Autism statistics from the U.S. Centers for Disease Control and Prevention (CDC) identify around 1 in 68 American children as on the autism spectrum–a ten-fold increase in prevalence in 40 years.

Autism is now the fastest-growing serious developmental disorder in the U.S.

Boys are nearly five times more likely than girls to have autism. The Centers for Disease Control and Prevention (CDC) identifies 1 in 42 boys and 1 in 189 girls as having autism spectrum disorder (ASD).

There is no medical detection or cure for autism.

On average, autism costs a family $60,000 a year.

The National Institutes of Health spend $169 million per year directly on autism research; that’s 0.55% of their $30.86 billion budget.

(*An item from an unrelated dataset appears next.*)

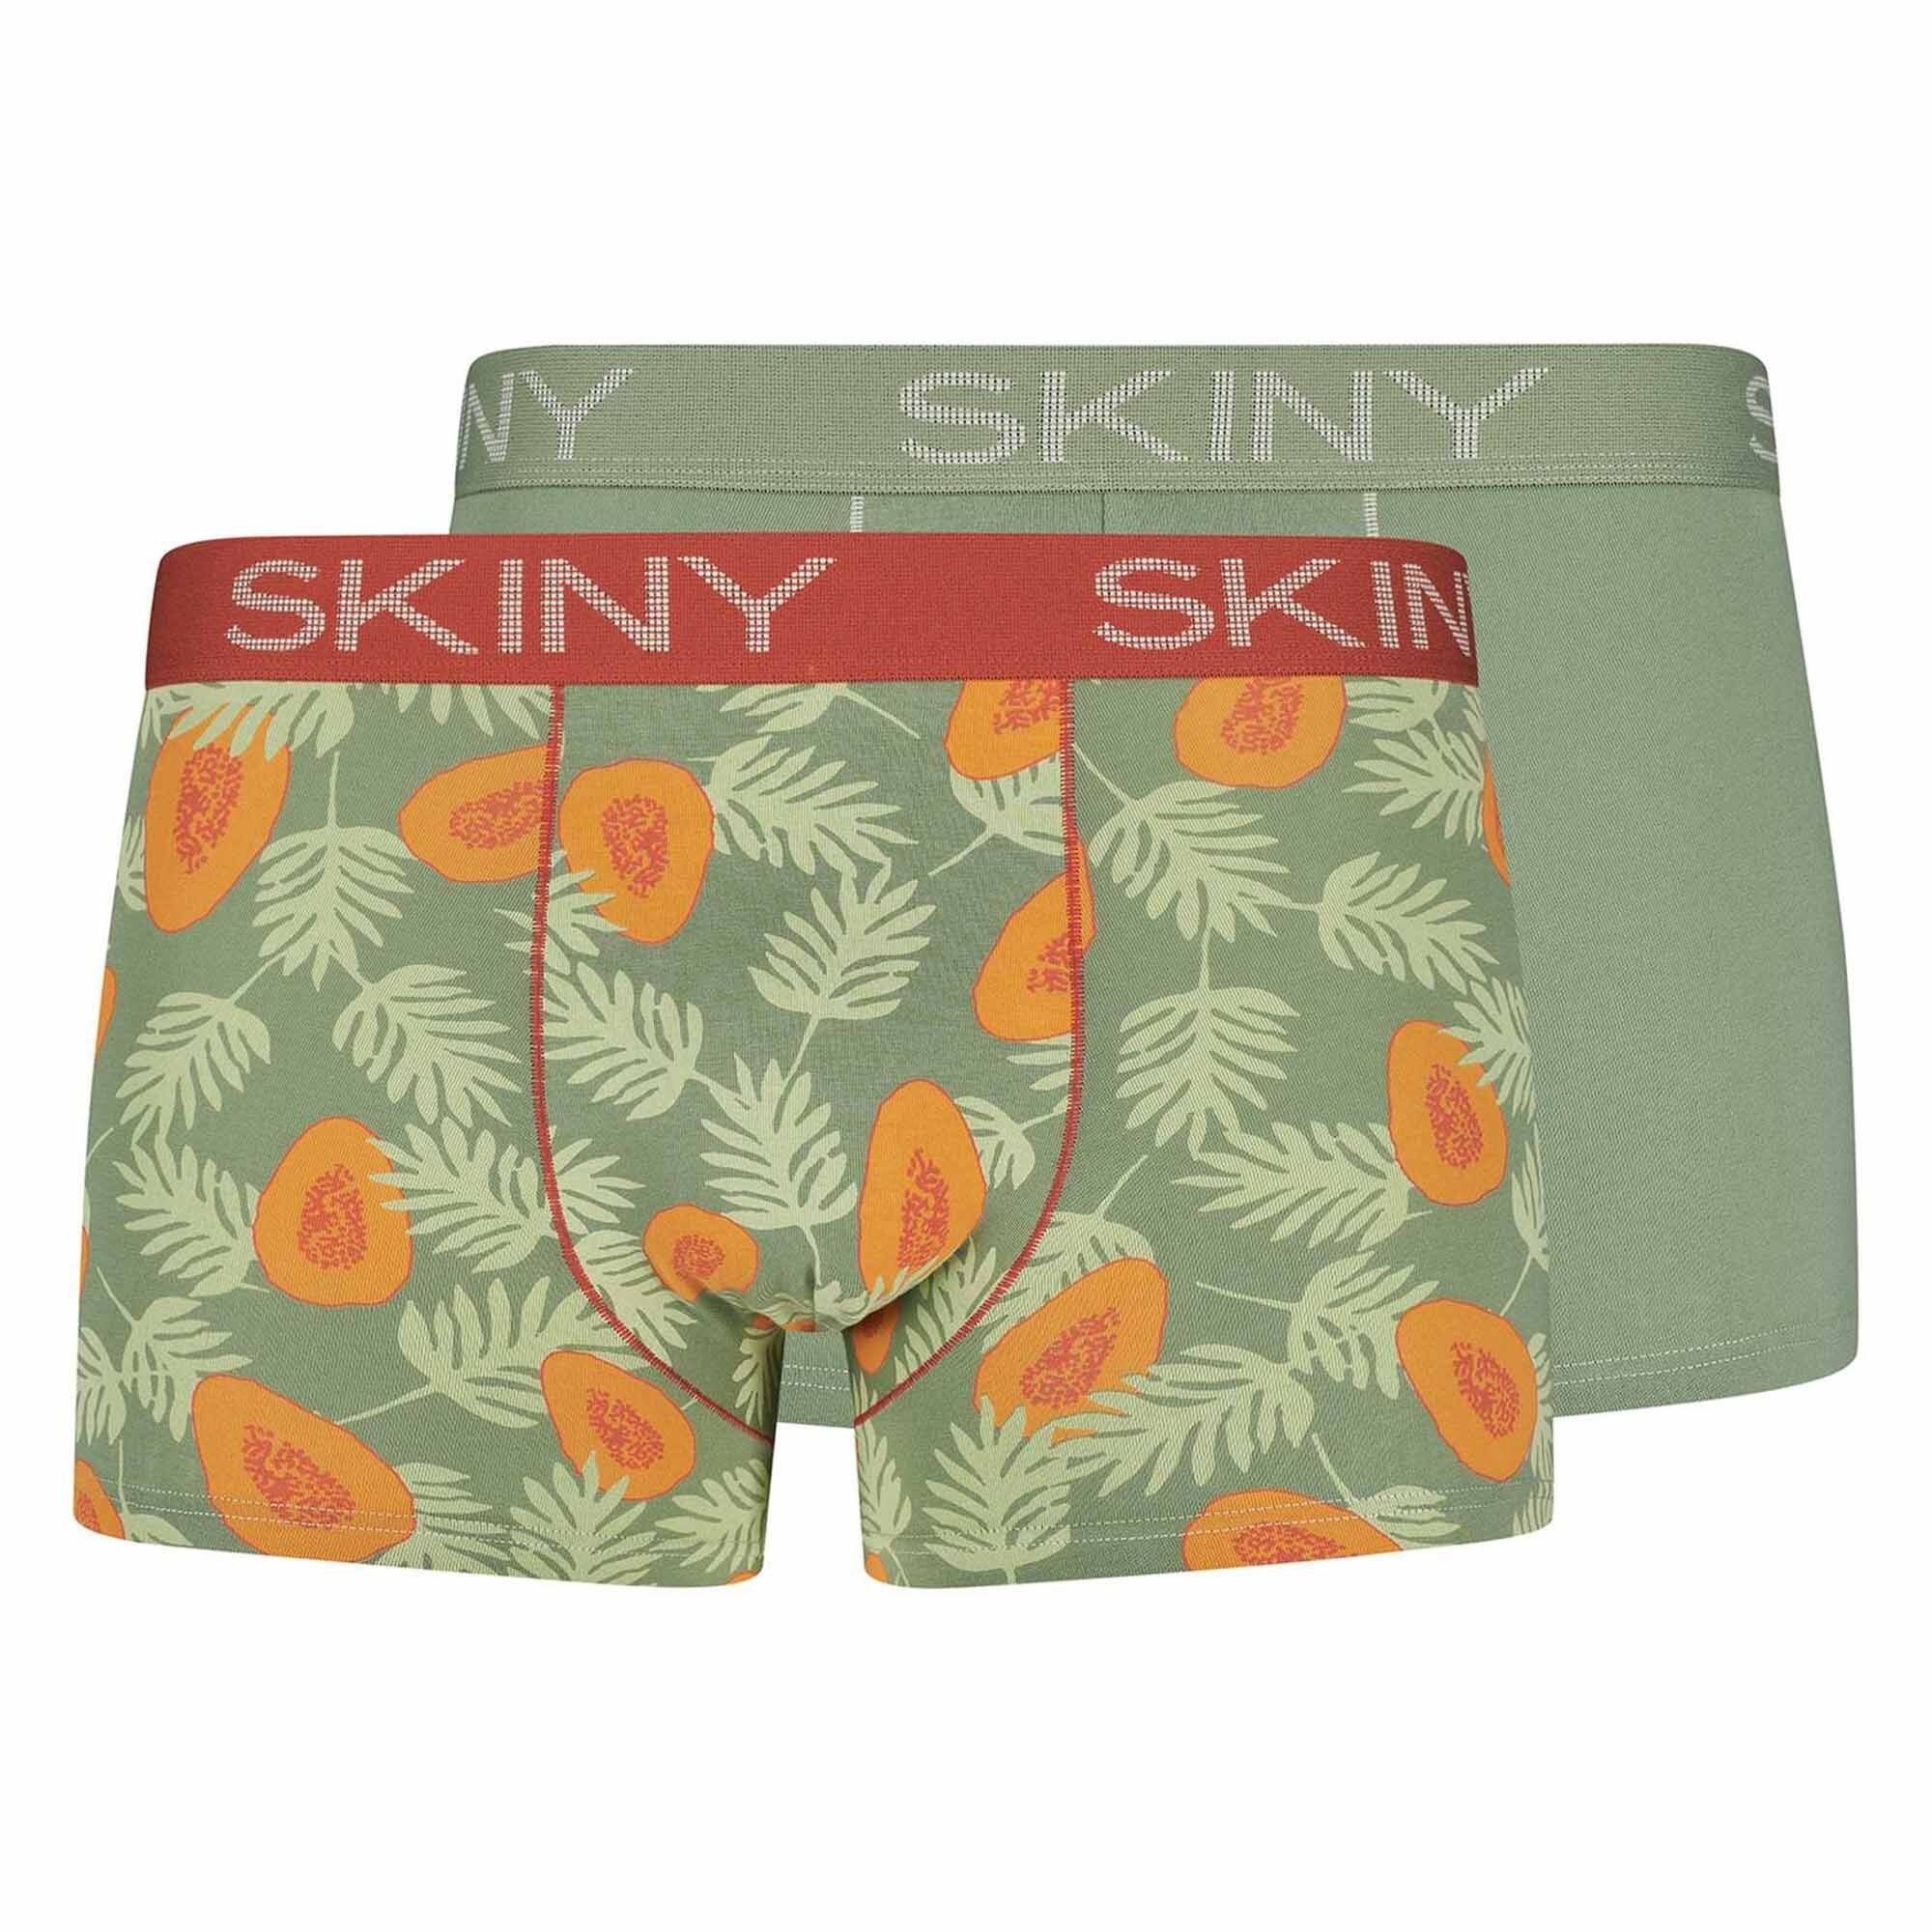 Skiny Boxer Pants Pack Trunks, Herren Boxer - 2er Grün/Papaya Short,
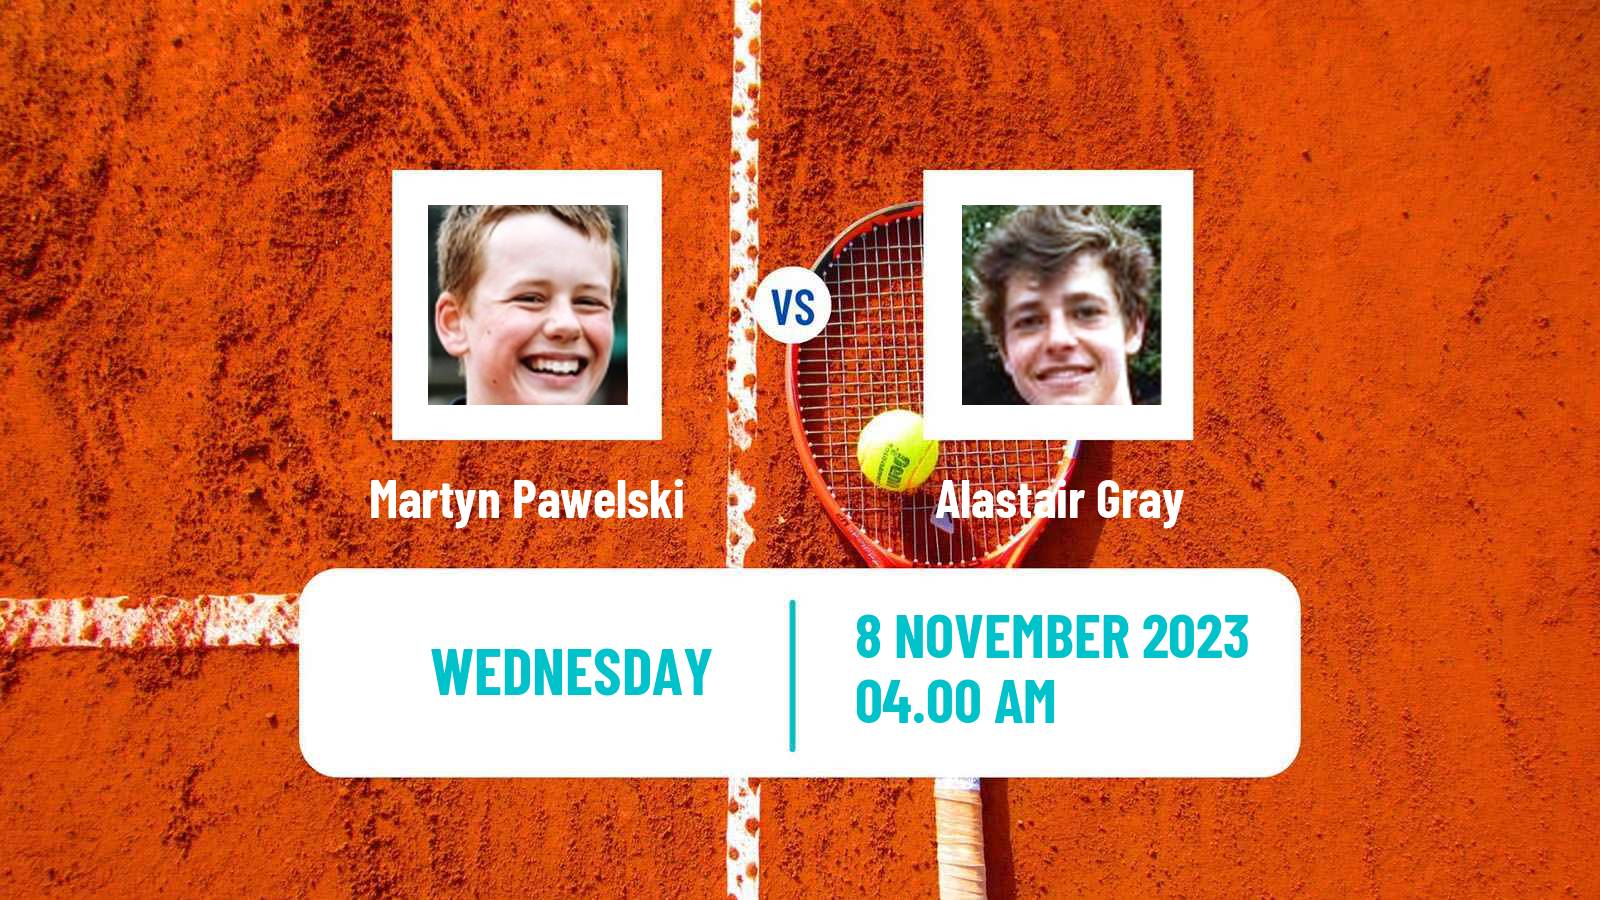 Tennis ITF M25 Trnava 2 Men Martyn Pawelski - Alastair Gray

The following “red flags” are used to indicate a child’s risk for an autism spectrum disorder: no big smiles or other warm, joyful expressions by six months or thereafter; no back-and-forth sharing of sounds, smiles, or other facial expressions by nine months; no babbling by 12 months; no back-and-forth gestures such as pointing, showing, reaching, or waving by 12 months; no words by 16 months; no meaningful, two-word phrases (not including imitating or repeating) by 24 months; any loss of speech, babbling, or social skills at any age.

Most cases of autism involve a complex and variable combination of genetic risk and environmental factors that influence early brain development.

Many persons with autism have exceptional visual skills, and/or excel in music, math and art.

Asperger syndrome is an autism spectrum disorder (ASD) considered to be on the “high functioning” end of the spectrum.

PDD-NOS, or Pervasive Developmental Disorder-Not Otherwise Specified, is the diagnosis applied to children or adults who are on the autism spectrum but do not fully meet the criteria for another ASD such as autistic disorder (sometimes called “classic” autism) or Asperger Syndrome.